## What to do
In the copy, include every entry exactly but none of the images.

----- Information

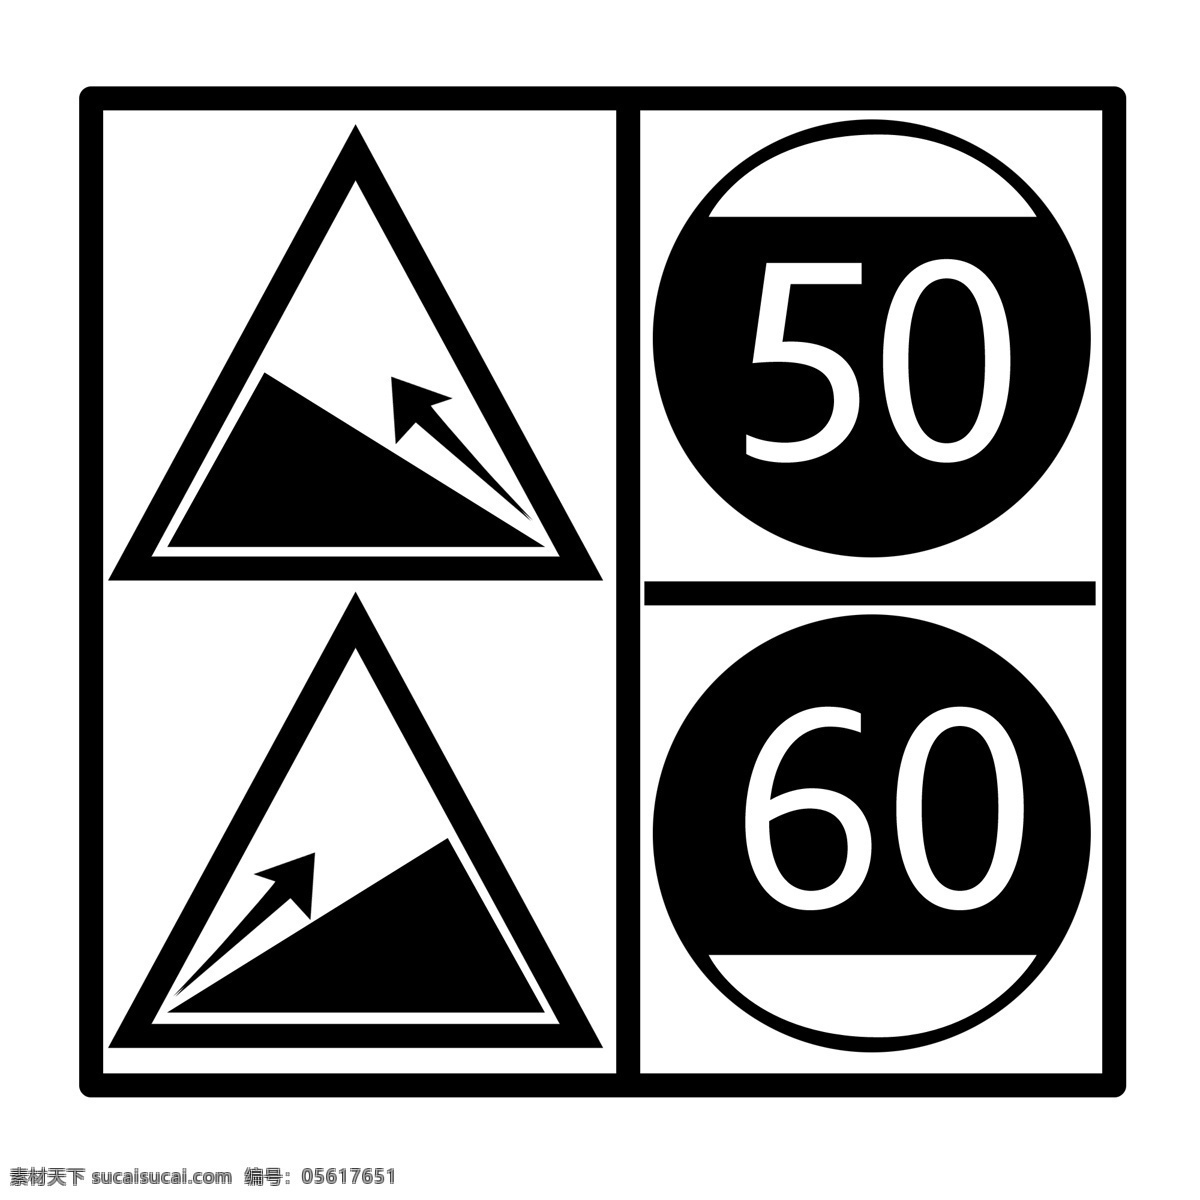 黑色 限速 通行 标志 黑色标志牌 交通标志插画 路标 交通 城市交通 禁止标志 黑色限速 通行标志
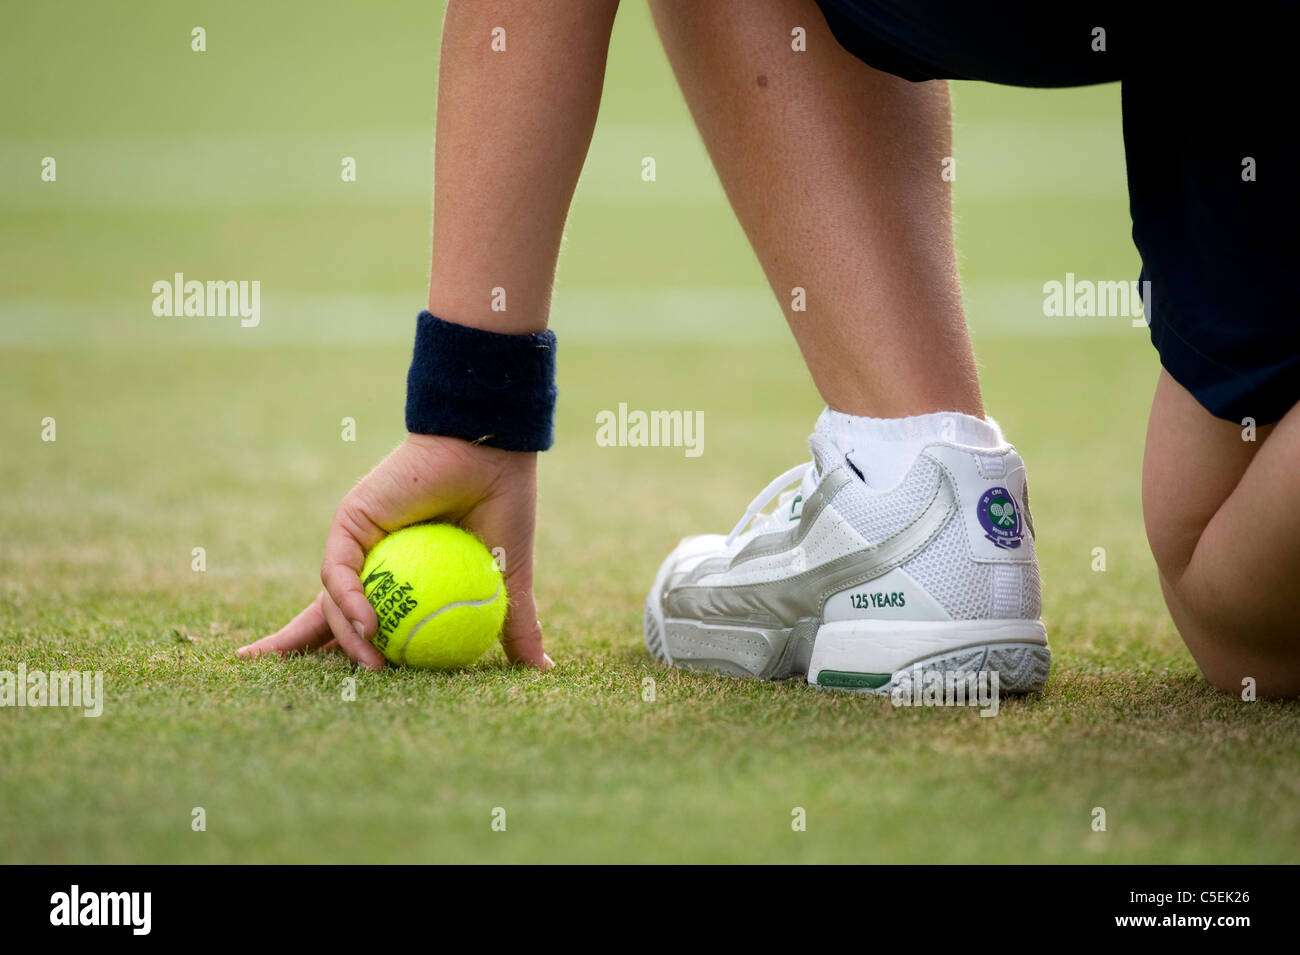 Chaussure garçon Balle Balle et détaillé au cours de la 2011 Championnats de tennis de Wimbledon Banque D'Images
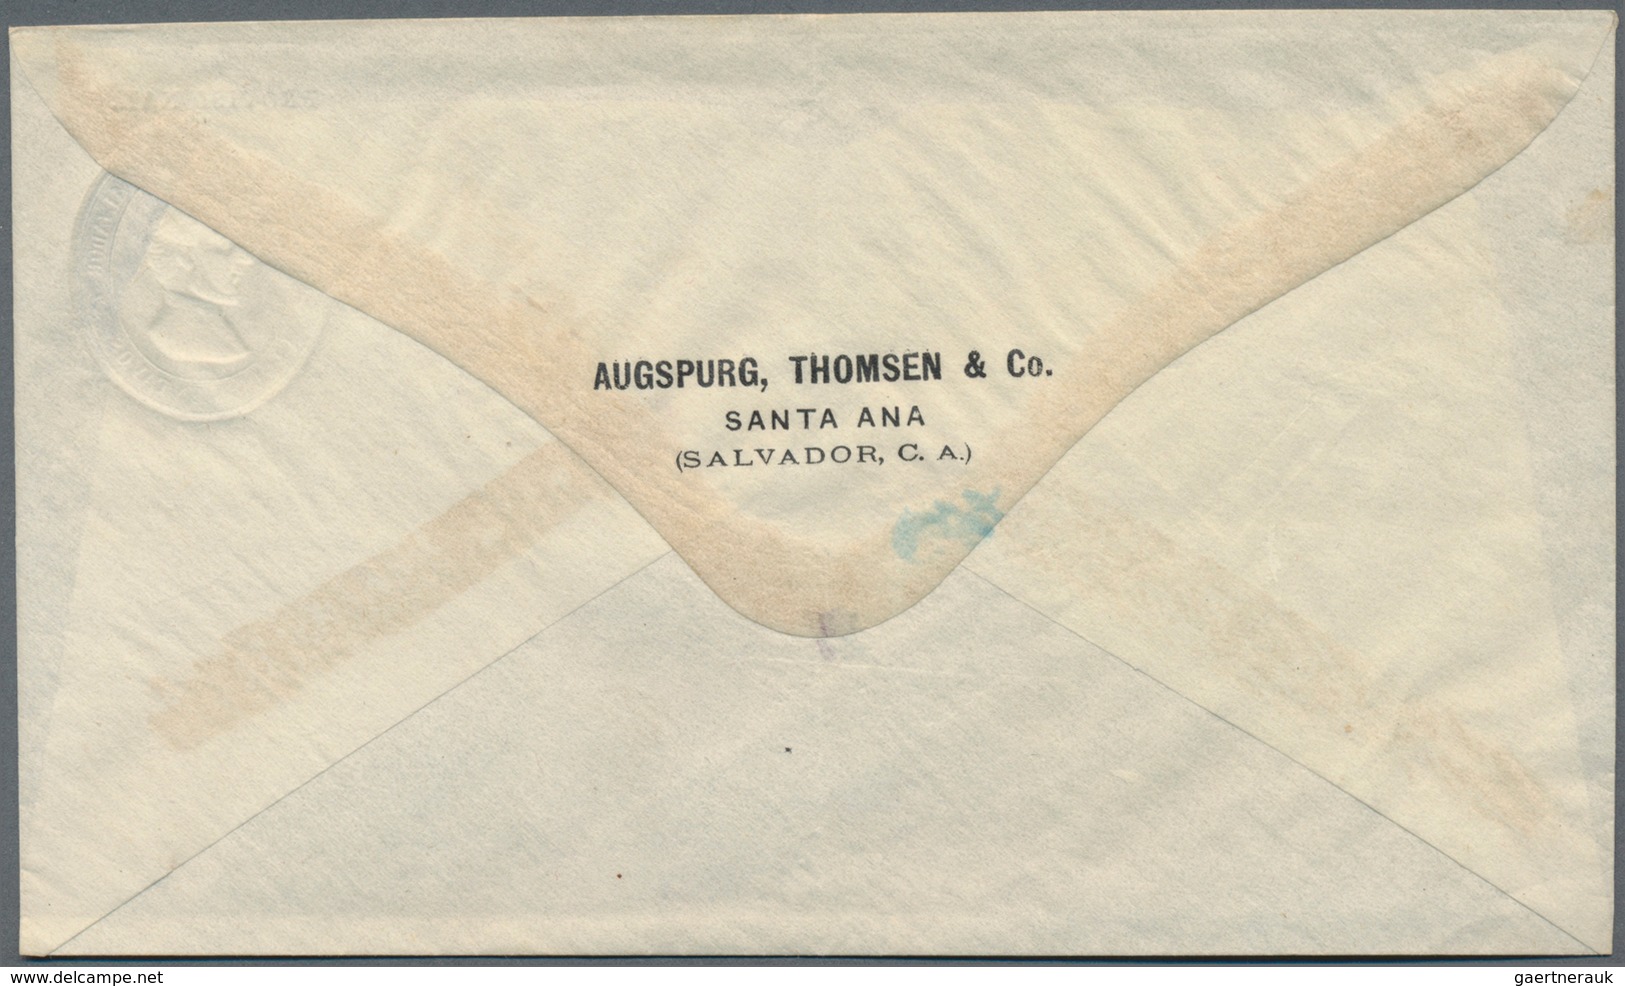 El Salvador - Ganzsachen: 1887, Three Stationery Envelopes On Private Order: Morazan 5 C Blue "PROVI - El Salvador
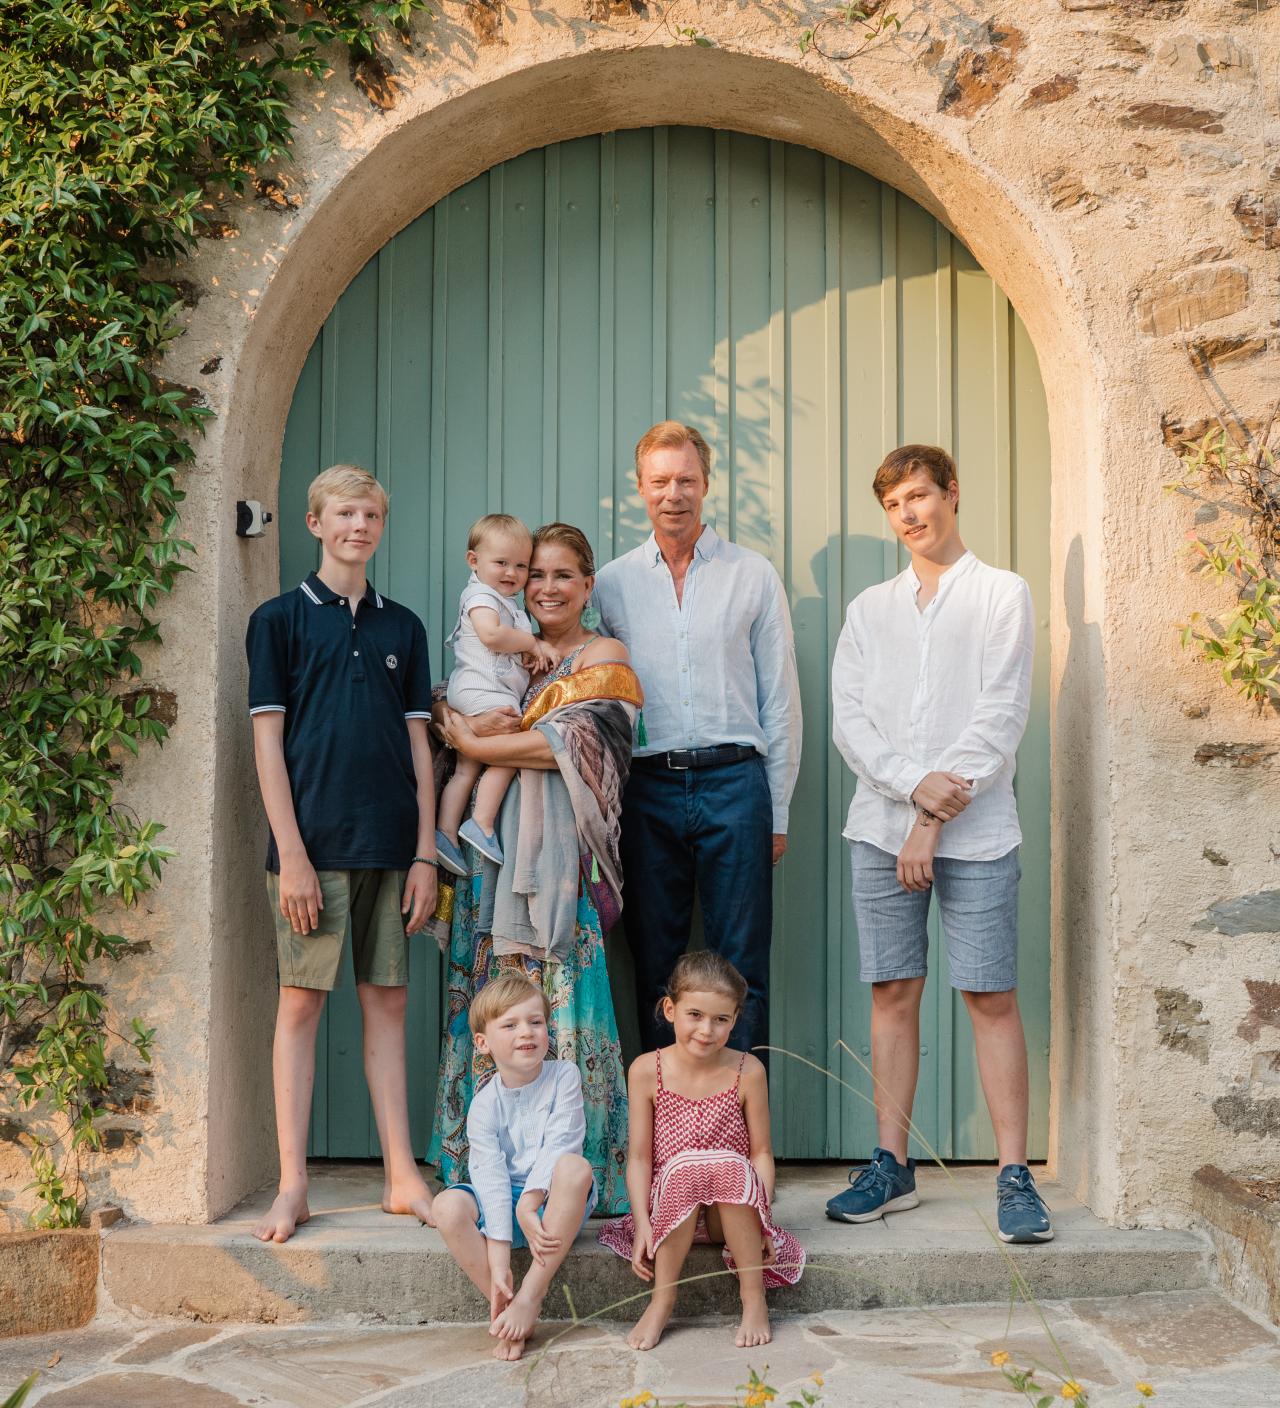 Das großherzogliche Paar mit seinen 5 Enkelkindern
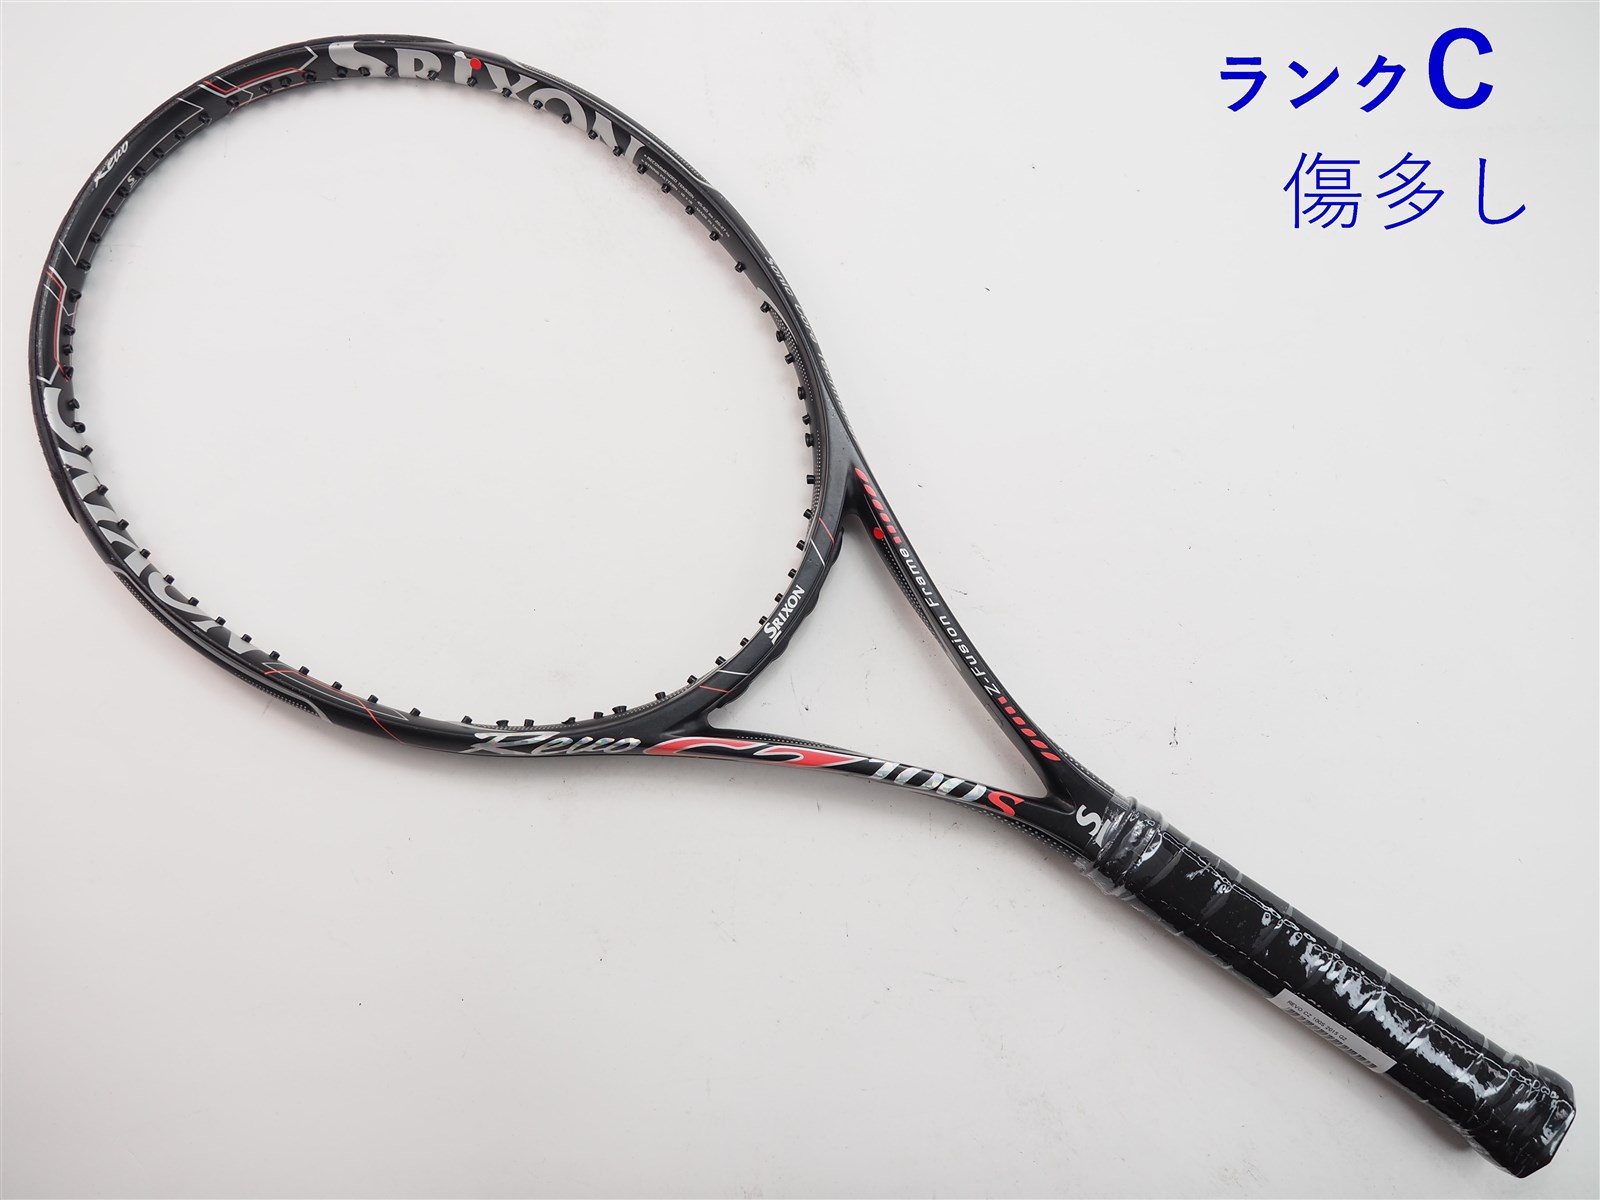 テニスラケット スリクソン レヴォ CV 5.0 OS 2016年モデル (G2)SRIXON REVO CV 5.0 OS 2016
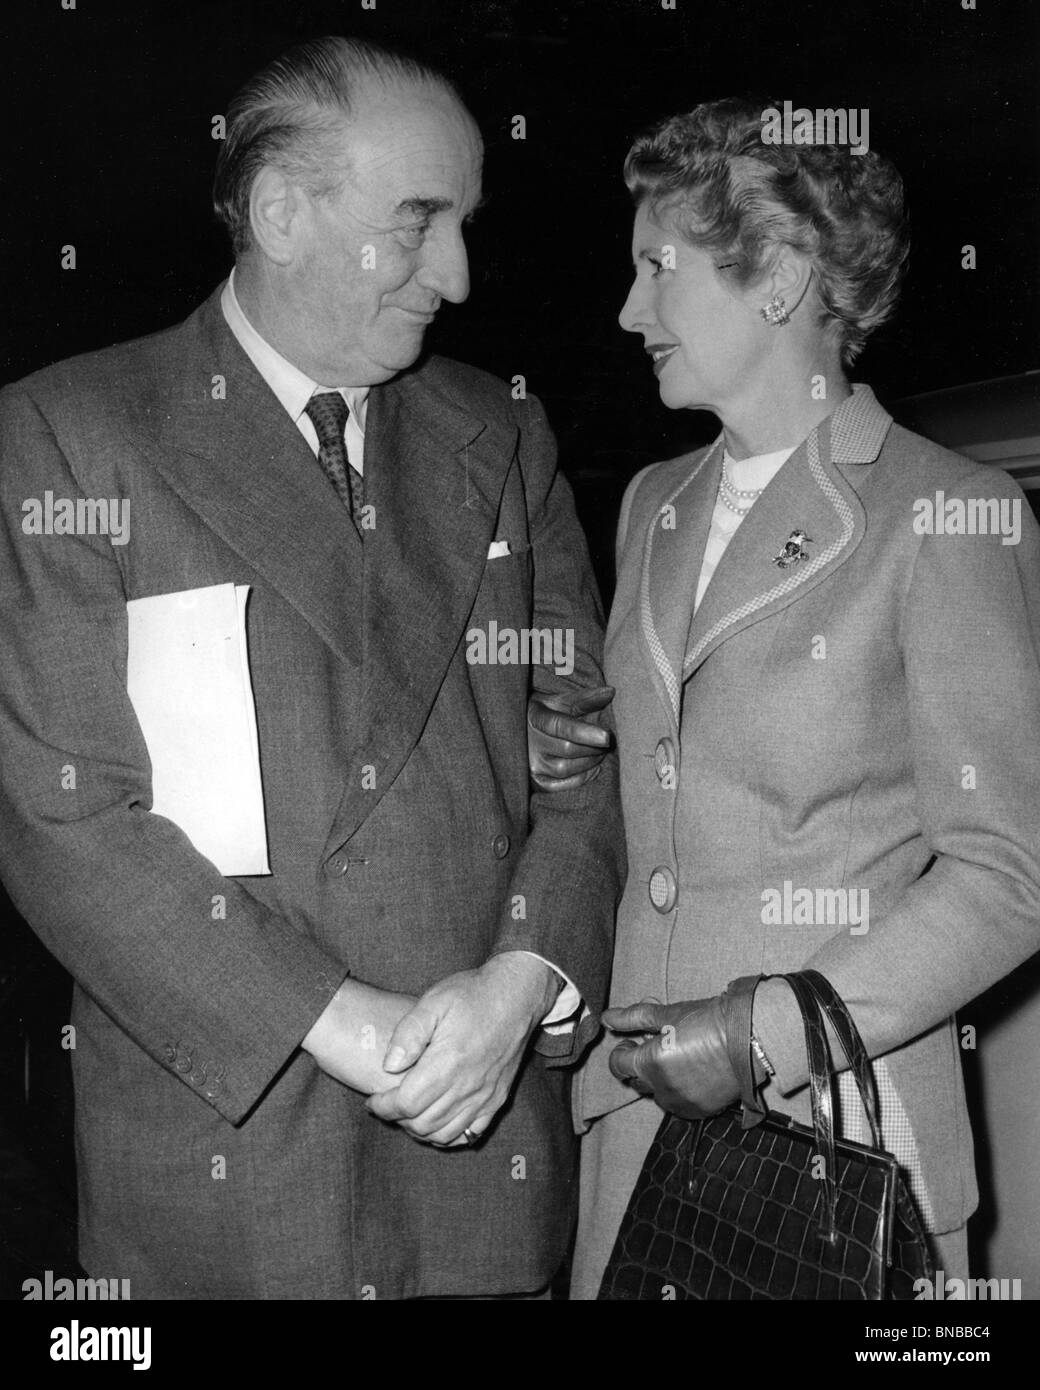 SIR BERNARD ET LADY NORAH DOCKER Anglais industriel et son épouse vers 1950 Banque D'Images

----------

## Response to the task
 黑色 限速 通行 标志 黑色标志牌 交通标志插画 路标 交通 城市交通 禁止标志 黑色限速 通行标志
 Chaussure garçon Balle Balle et détaillé au cours de la 2011 Championnats de tennis de Wimbledon Banque D'Images
 El Salvador - Ganzsachen: 1887, Three Stationery Envelopes On Private Order: Morazan 5 C Blue "PROVI - El Salvador
 Das großherzogliche Paar mit seinen 5 Enkelkindern
 テニスラケット スリクソン レヴォ CV 5.0 OS 2016年モデル (G2)SRIXON REVO CV 5.0 OS 2016
 SIR BERNARD ET LADY NORAH DOCKER Anglais industriel et son épouse vers 1950 Banque D'Images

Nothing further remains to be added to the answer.